SUPPLEMENTAL BENEFITS PLAN
1. Objective. The objective of this Plan is to enhance the benefits provided
to certain officers and key employees of Constellation Energy Group and its
subsidiaries in order to attract and retain talented executive personnel.
2. Definitions. All words beginning with an initial capital letter and not
otherwise defined herein shall have the meaning set forth in the Pension
Plan. All singular terms defined in this Plan will include the plural and
vice versa.
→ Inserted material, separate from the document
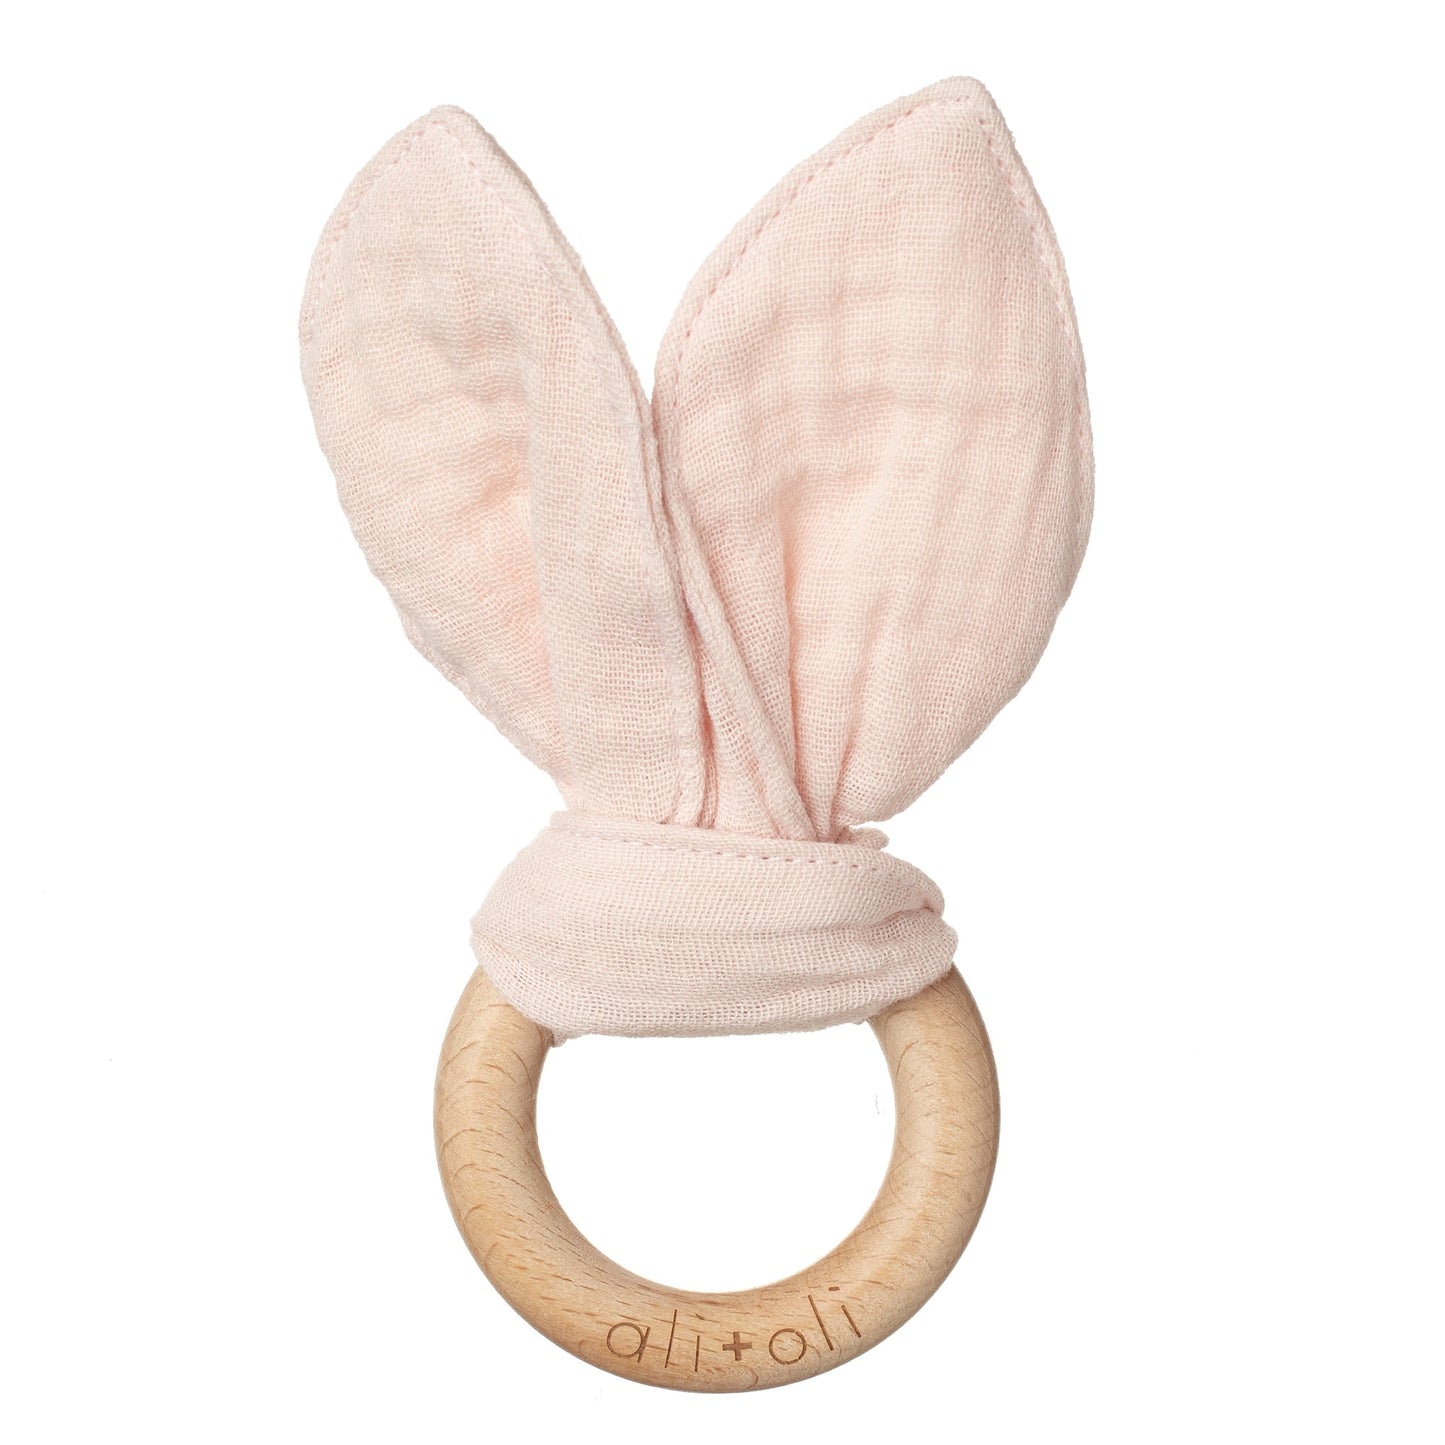 Ali+Oli Crinkle Bunny Ears Wooden Ring Teething Toy for Baby

As used herein, the following terms will have the meaning
specified below:
"Average Incentive Award" (or "Average Award") means the two highest of the
participant's five immediately prior year awards earned under Constellation
Energy Group's Executive Annual Incentive Plan, Constellation Energy
Group's Senior Management Annual Incentive Plan and/or the Results
Incentive Awards Program.
"Committee" means the Committee on Management of the Board of Directors of
Constellation Energy Group.
"Constellation Energy Group" means Constellation Energy Group, Inc., a
Maryland corporation, or its successor.
"Constellation Energy Group's Executive Annual Incentive Plan" means such
plan or other incentive plan or arrangement designated in writing by the
Plan Administrator.
"Constellation Energy Group's Senior Management Annual Incentive Plan"
means such plan or other incentive plan or arrangement designated in
writing by the Plan Administrator.
"Income Replacement Percentage" means the percentage under the LTD Plan
that is used to calculate the participant's actual LTD Plan benefit.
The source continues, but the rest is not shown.